■ **EXERCISE PROMPT**: Quote, word for word, only the lines running from the line with "Gmarellile - 105 Free Flat Icons" through the end of the listing. Leave out the pictures.

■ **RECORDED INFORMATION**:

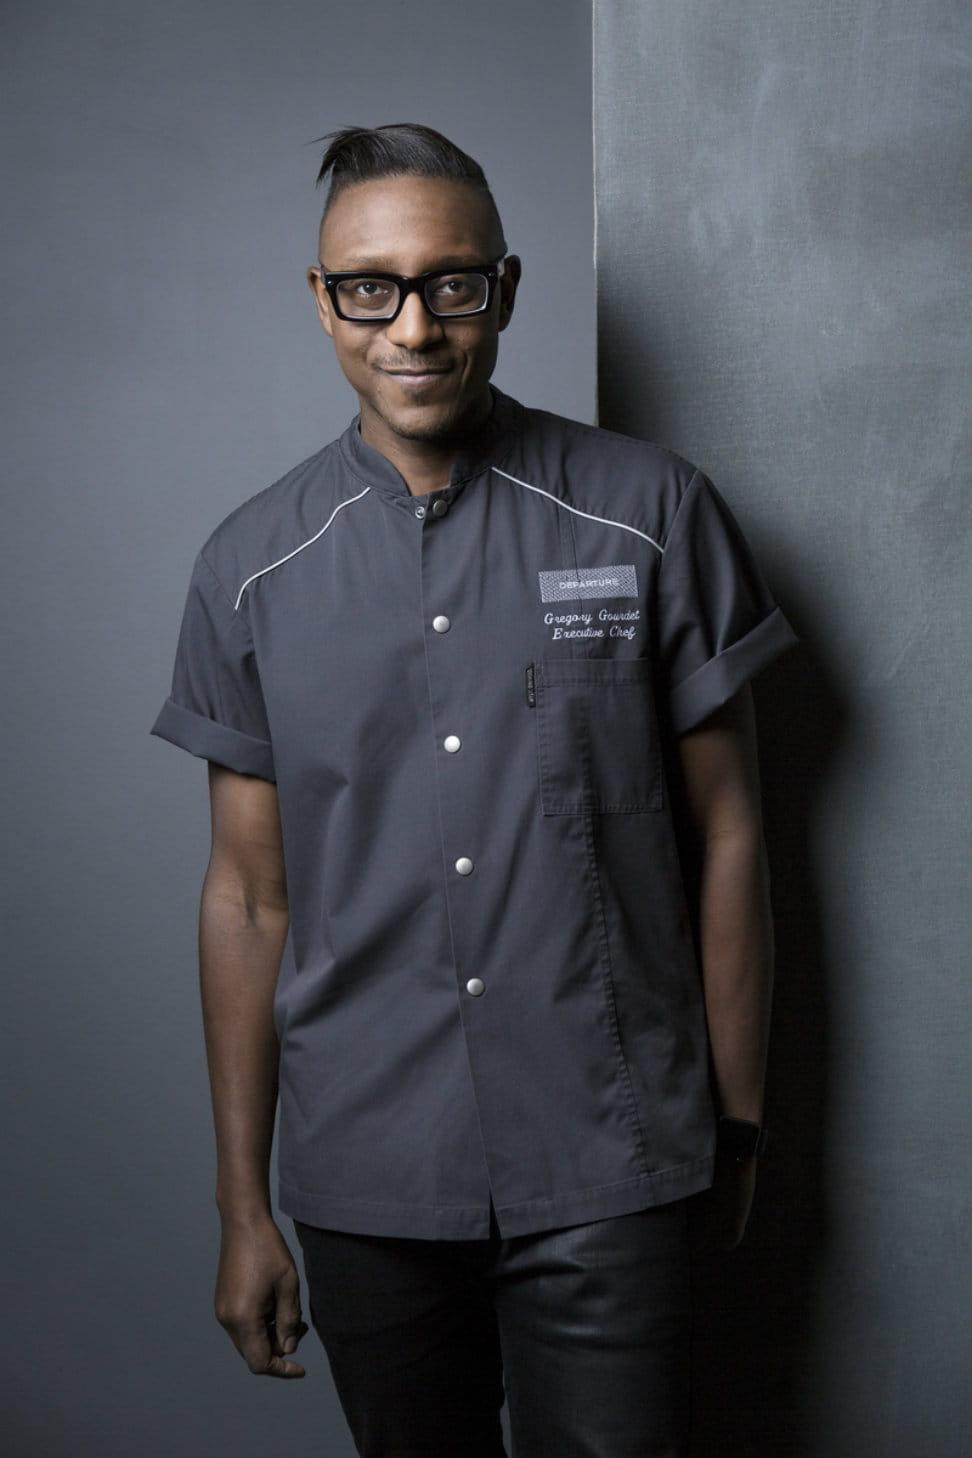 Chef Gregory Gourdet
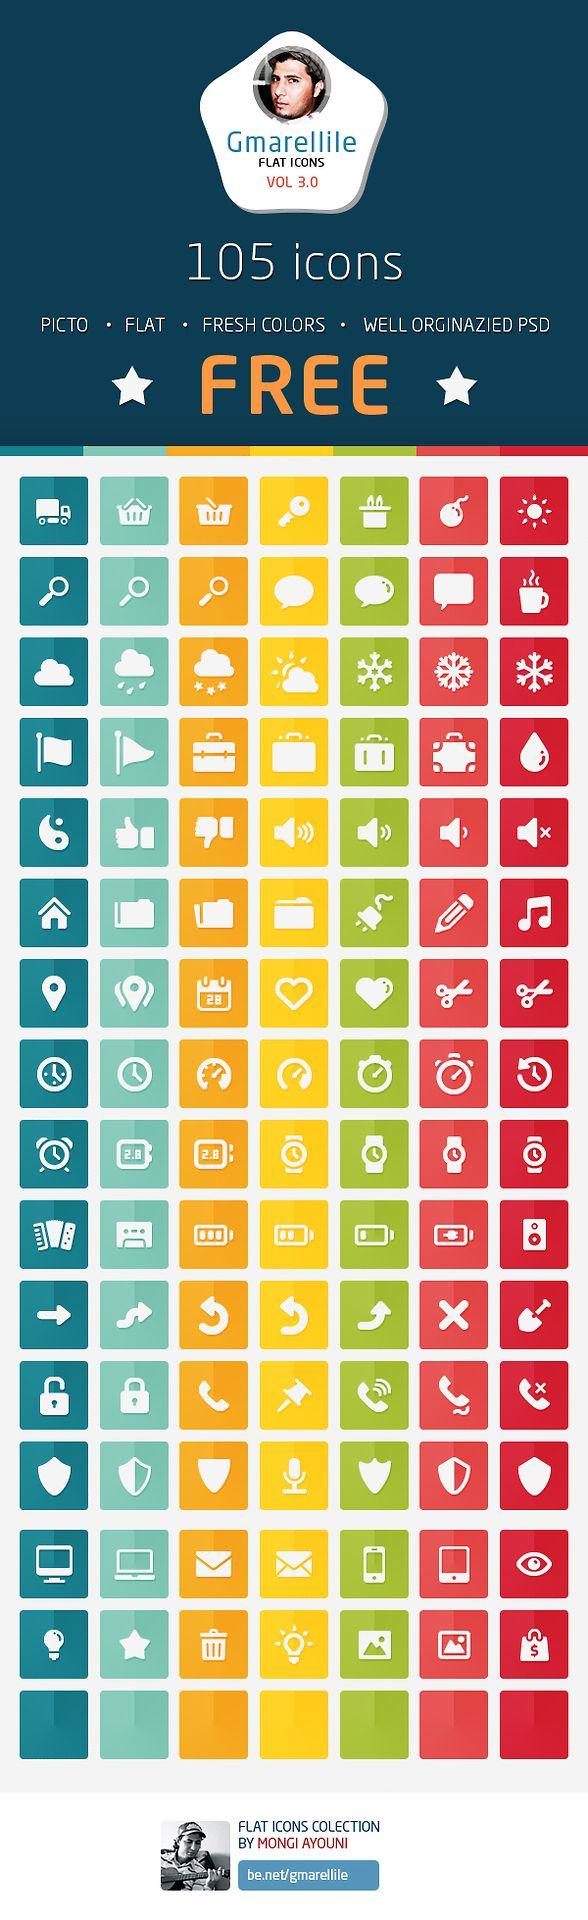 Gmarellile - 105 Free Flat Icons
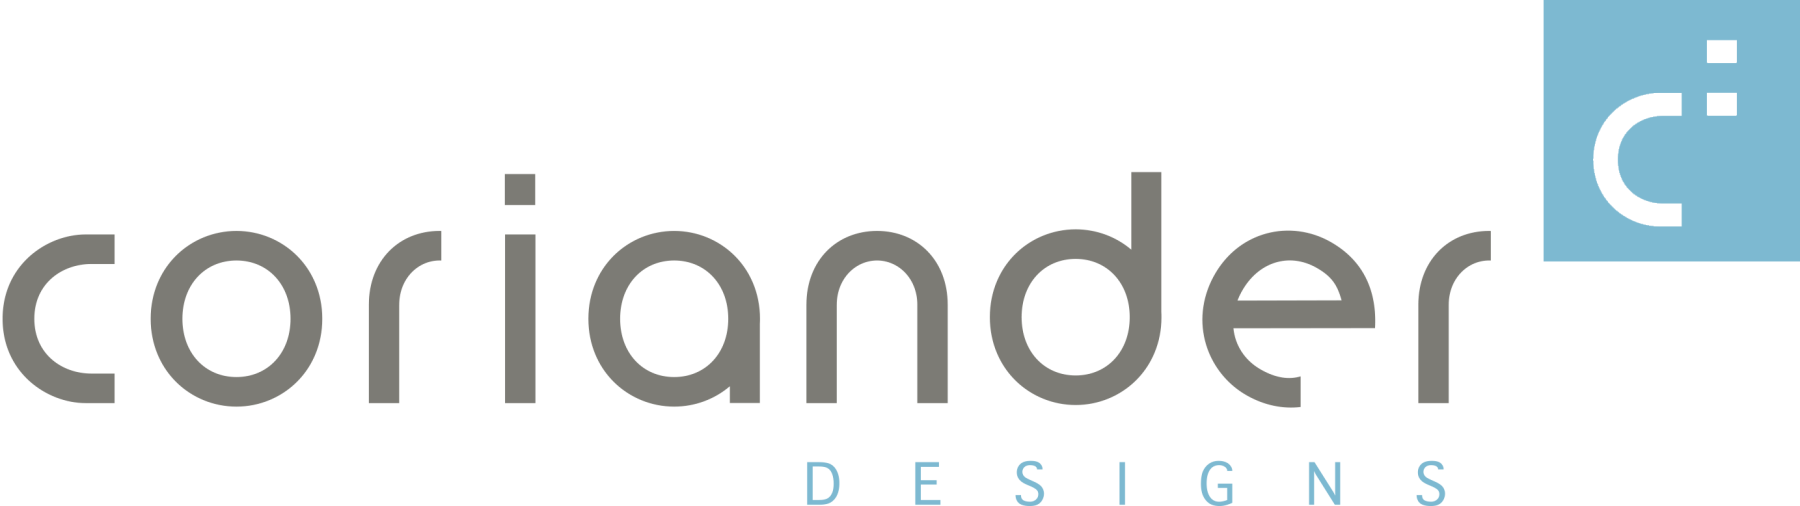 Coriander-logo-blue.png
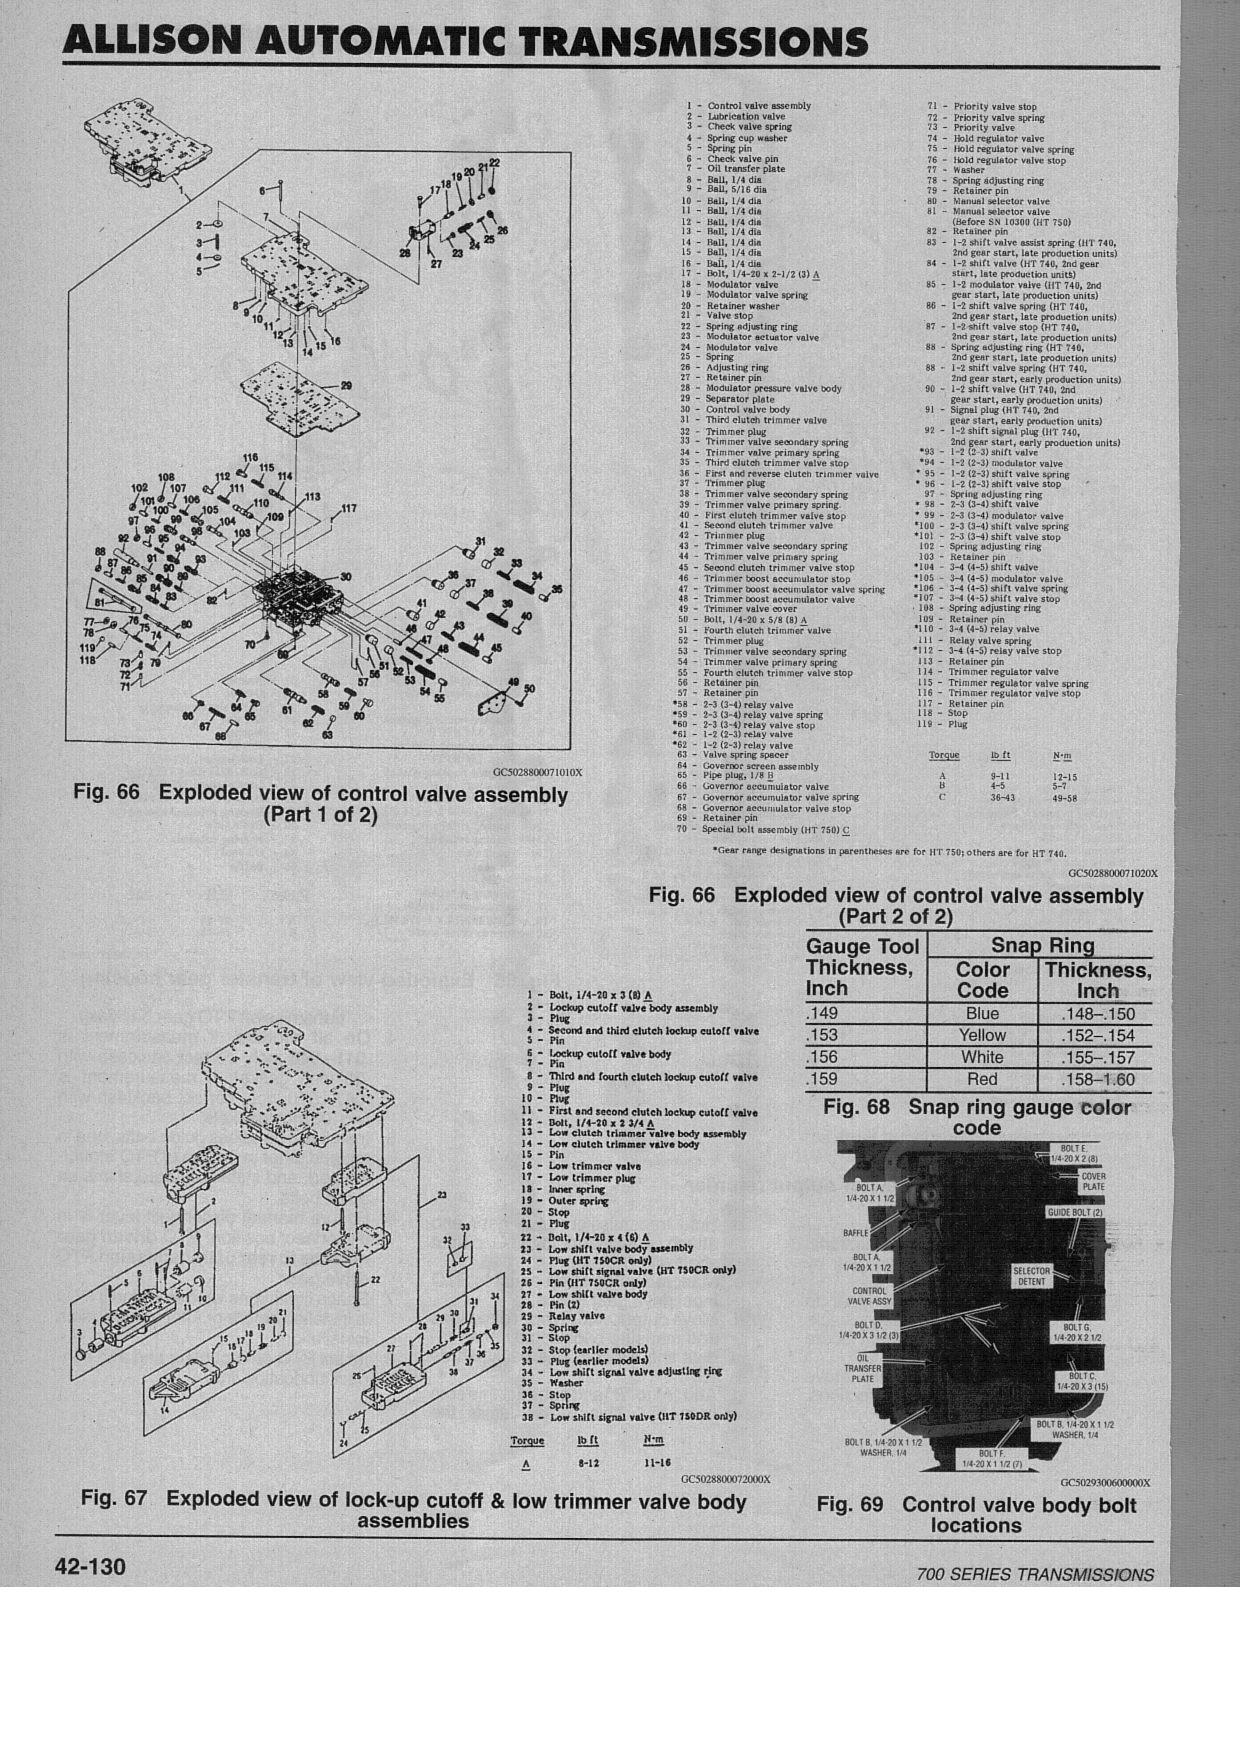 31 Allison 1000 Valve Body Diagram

■ **YOUR RESPONSE**:
 Gmarellile - 105 Free Flat Icons
 Coriander-logo-blue.png
 31 Allison 1000 Valve Body Diagram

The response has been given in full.